The High Frequency option for inference
The XL v4 High Frequency tier runs the Xeon Gold 6544Y at 3.6GHz base with a 4.1GHz boost. For inference workloads where you’re serving requests with lower batch sizes and latency matters more than bulk throughput, the higher per-core clock speed gives you faster token generation. Teams that train on the XL v4 and then need an inference-optimized configuration have a clear path without changing their infrastructure provider or data center location.
Hosted Private Cloud for multi-tenant or orchestrated workloads
If your team needs to run a mix of training jobs, preprocessing pipelines, data storage, and serving infrastructure, OpenMetal’s Hosted Private Cloud gives you an OpenStack-based environment where you can allocate compute, storage, and networking independently. This is useful when different parts of your ML workflow have different resource profiles and you want to avoid paying for bare metal that sits idle during phases when you don’t need all the CPU cores.
For teams already using Kubernetes for their ML orchestration, OpenMetal’s platform supports Kubernetes workloads natively, so you’re not rebuilding your toolchain when you move from a public cloud environment.
Comparing Against Hyperscaler APAC Options
The decision to use bare metal in Singapore typically comes down to a few specific scenarios:
Training cost predictability. On AWS or GCP, a long training run on p4d or A100 instances accumulates costs that are hard to budget precisely, especially when your egress costs in Singapore are some of the highest in the AWS network. OpenMetal’s bare metal pricing is fixed monthly. You know your cost before you start the run.

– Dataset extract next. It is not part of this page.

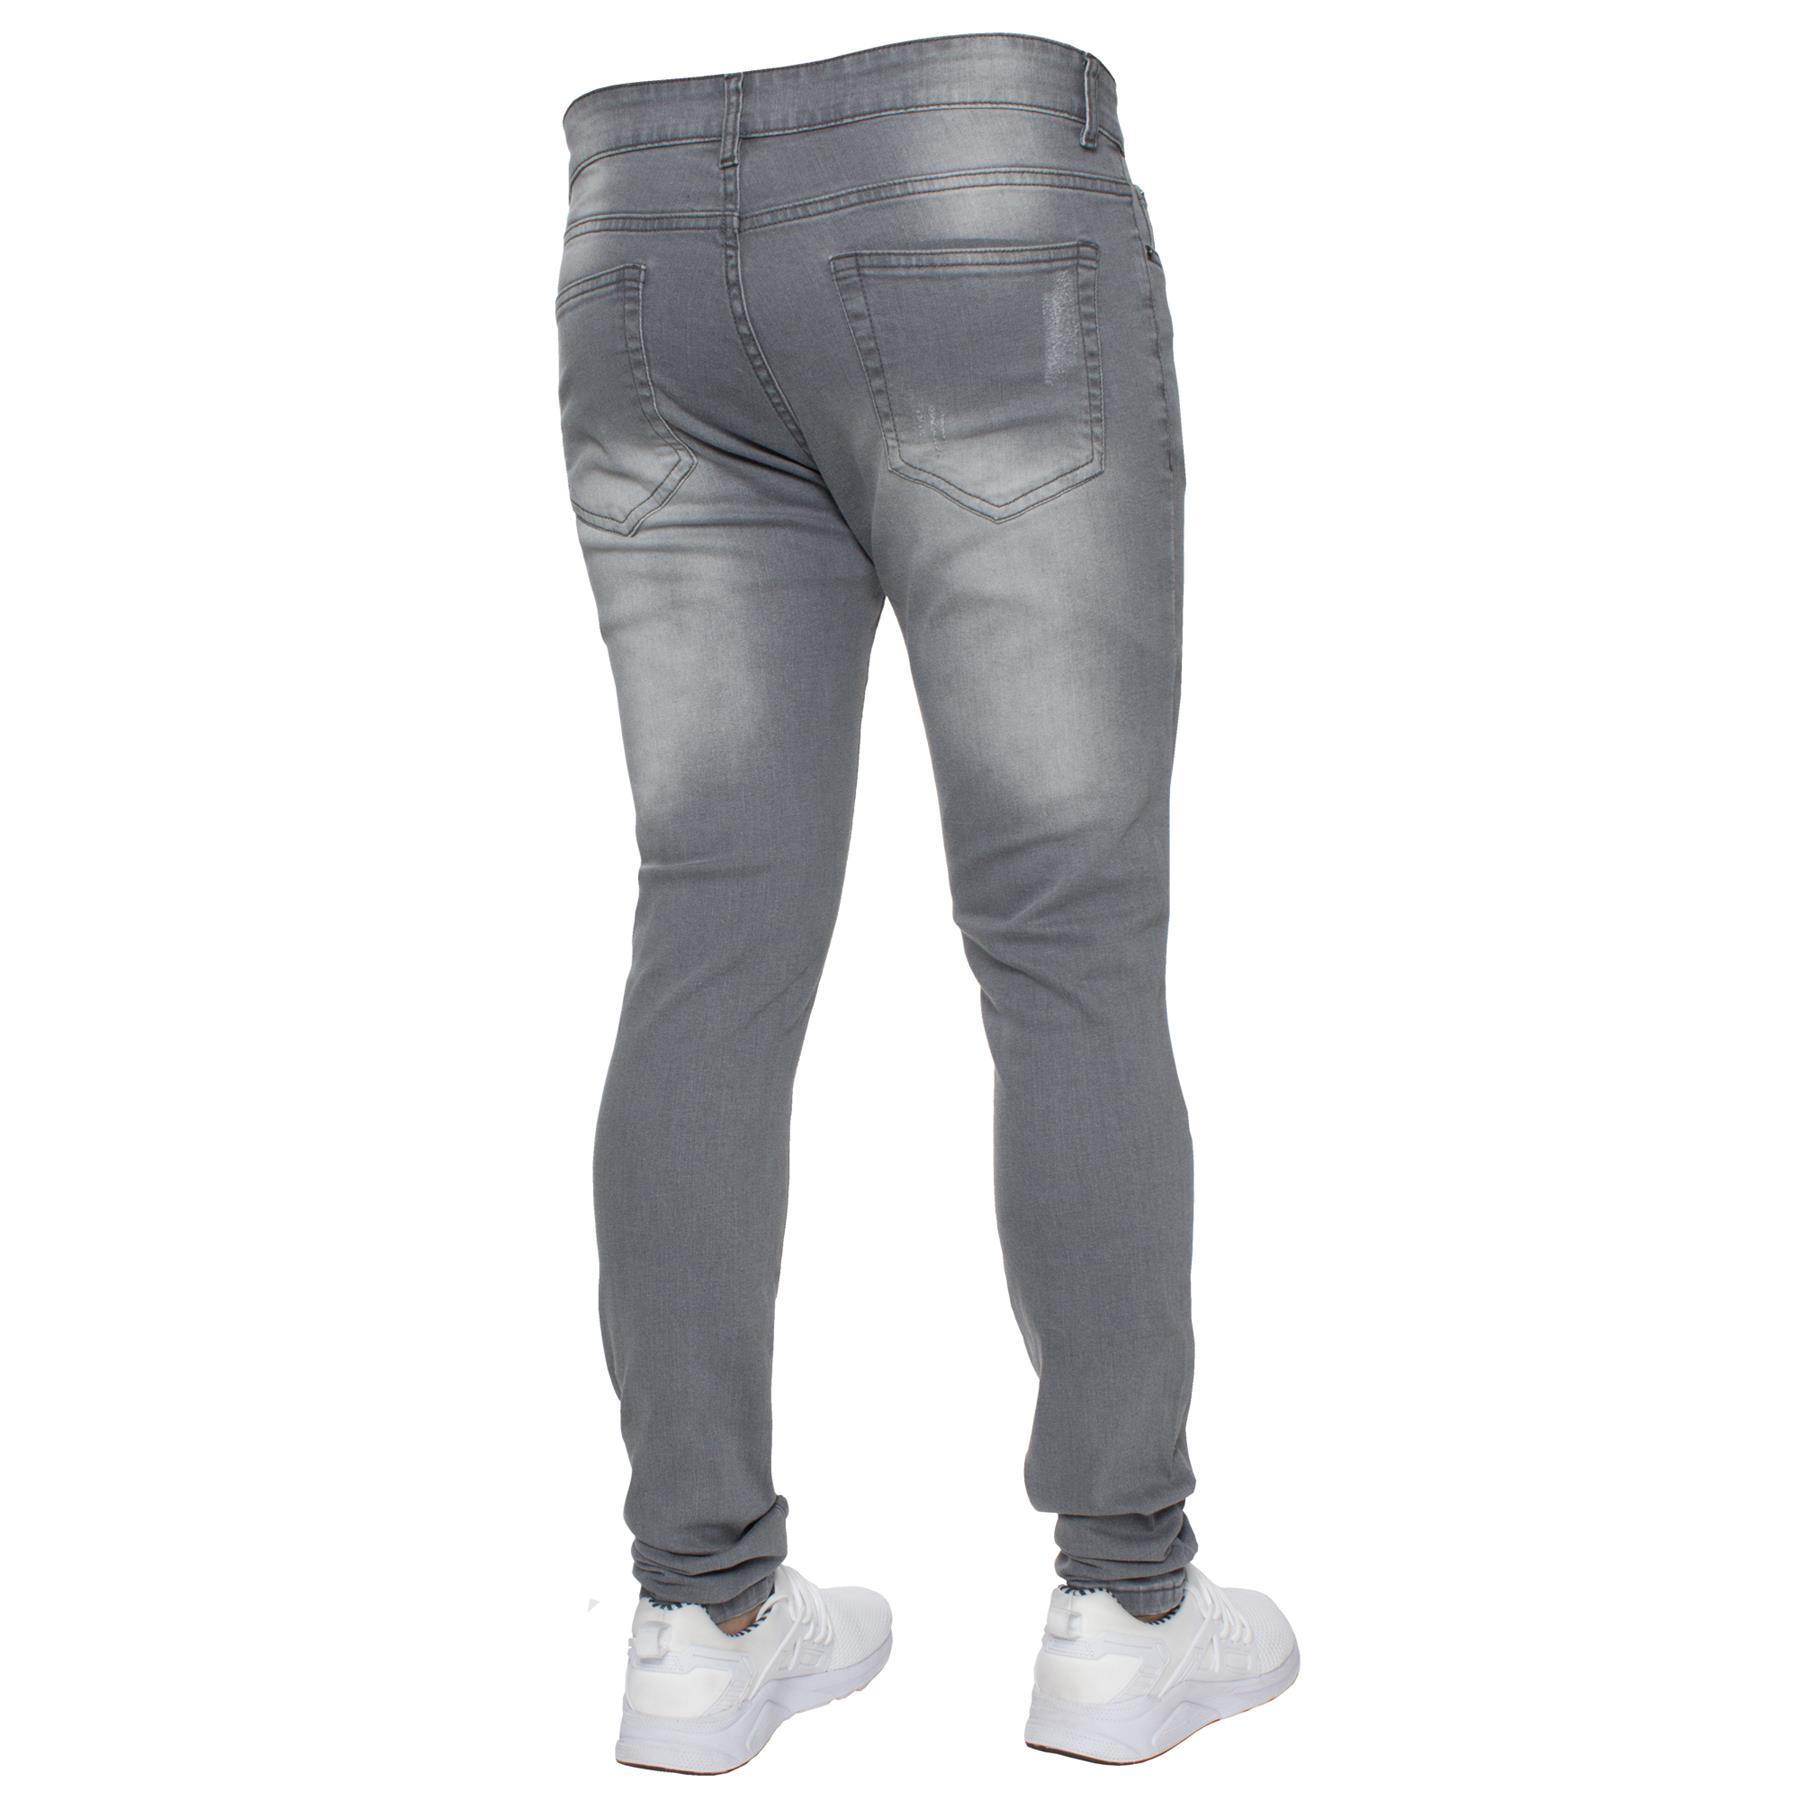 Para-hombre-Super-Skinny-Ripped-Jeans-Pantalones-Ajustados-desgastados-Denim-Envejecido-Todas miniatura 19

Data egress. AWS charges $0.08-$0.09/GB for egress from its Singapore region. For teams moving large datasets in and out, or shipping model checkpoints to other locations, those charges compound quickly on training-sized data volumes. OpenMetal’s bare metal plans include substantial bandwidth allocations without per-GB egress metering.
Hardware control. Shared GPU instances on public clouds run on shared physical hardware. For teams that need reproducible benchmarks, specific NUMA configurations, or direct BIOS access for tuning, hypervisors and shared tenancy introduce variables that bare metal eliminates. OpenMetal’s dedicated servers give you the hardware and nothing else runs on it.
OpenStack compatibility. If you’re already running OpenStack in other regions or on-premises, OpenMetal’s Singapore infrastructure fits into existing tooling without requiring you to maintain separate management planes for your APAC workloads.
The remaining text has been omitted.